Twenty years after the closing of the Antisell Piano Company in our borough, George Eugene Wason (1874-1950) and family moved to Matawan around 1913 to try his luck in the industry.

The September 4, 1913 edition of the Matawan Journal headlined “New Industry for Matawan,” advising that articles of incorporation for the Wason Piano Company were being prepared. Management of the company reportedly was from New York and were experienced in the industry. The company would start with $100,000 in capital, split 50/50 between common and preferred stock. A large draw of the company was the fact that the nearby Matawan Steel and Iron Company, which had been associated with the Antisell firm, produced piano plates.

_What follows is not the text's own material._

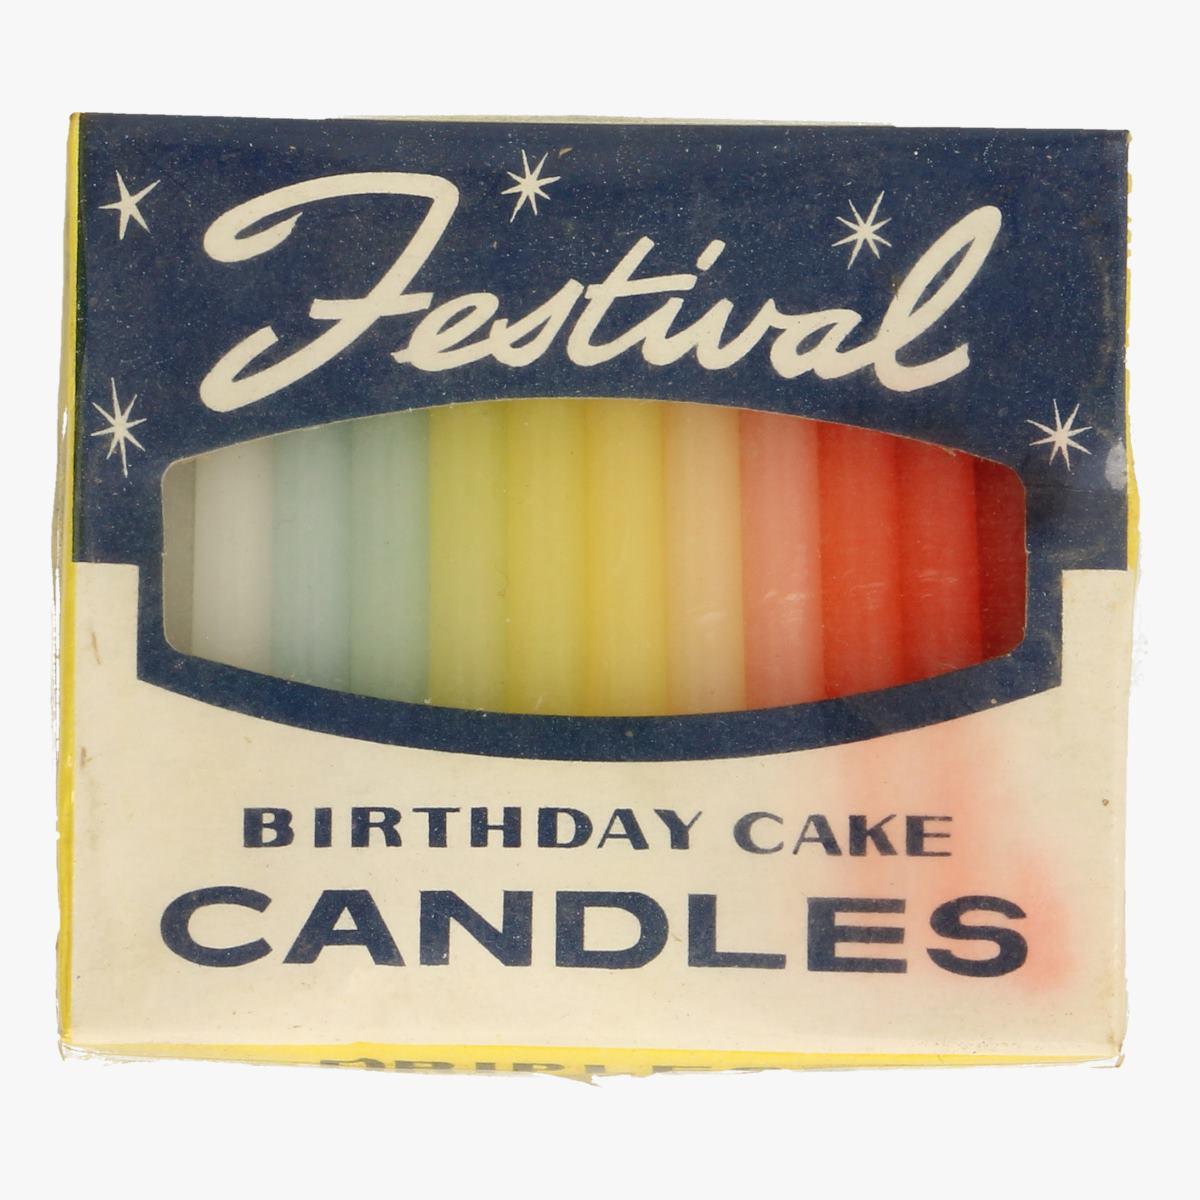 Afbeeldingen van festival birthday cake candles dripliss smokeless 25 st

The factory would be housed in the former American Rice Food Factory across from the Matawan train station and around 40 skilled hands would receive a weekly payroll of over $800, which was said to greatly benefit the community. Expected output was 30 pianos a week, with an eventual goal of 2000 per year. The Journal complained at length, however, about a lack of housing in town for the new workforce.

Five weeks after starting up, the company rolled out its first piano on October 30, 1913 and had shipped 70 by November 20. Wason was said to employ 44 hands, 15 of whom were heads of family and brought their wives and children with them. Lack of housing was still cited (the company advertised in the paper looking for room and board for its incoming employees), and some had to live in Keyport.

Wason produced both upright and player pianos, priced between $300 and $600.

Besides Charles Wason, who handled the office work of the company, Henry Sommer of New York was a principal and oversaw the manufacturing process. Its President was Matawan resident Henry H. Longstreet (1857-1938). Other employees were Herbert Cline, bookkeeper, P.D. Snavely, head of retail sales and Nathan Weed, salesman.

The company was listed in the October 1914 edition of the Music Trade Review. (Click on article to view.)

In April of 1915, the firm sold three pianos to the Keansburg Steamboat Company, one for each of their three vessels. The new auditorium in Keansburg also purchased a pianola.

In the summer of 1915, the company held a “Great Prize Competition” which apparently judged writing ability. Prizes were a piano and gold certificates. 30-year-old J. Mabel Brown, who would eventually be the editor of the Matawan Journal and Keyport Weekly, won the top prize.

In February of 1916, Wason rented out the top two floors of its building to the Synthetical Chemical Company of New York. Two months later, Wason declared bankruptcy, with assets of $70,000 and liabilities of $34,000. The assets consisted of a $22,000 insurance policy, the factory valued at $20,000, merchandise of $7400 and machinery worth $2,600. Charles Wason was listed as the largest creditor with a claim of $5600. Bankruptcy administrators were named on May 25, 1916.

Approximately three weeks later, a fire broke out on the first floor of the factory occupied by Wason. It was a reportedly horrific conflagration, with the local fire departments giving up on attempting to save the factory because of the heat and explosions – they concentrated on saving the nearby Matawan Train Station and Kennedy Hotel. Matawan and Keyport fire departments were involved in fighting the blaze. When the fire was out, large portions of the building collapsed. Both Wason and the Synthetical Chemical Company lost everything, and the plant was not rebuilt.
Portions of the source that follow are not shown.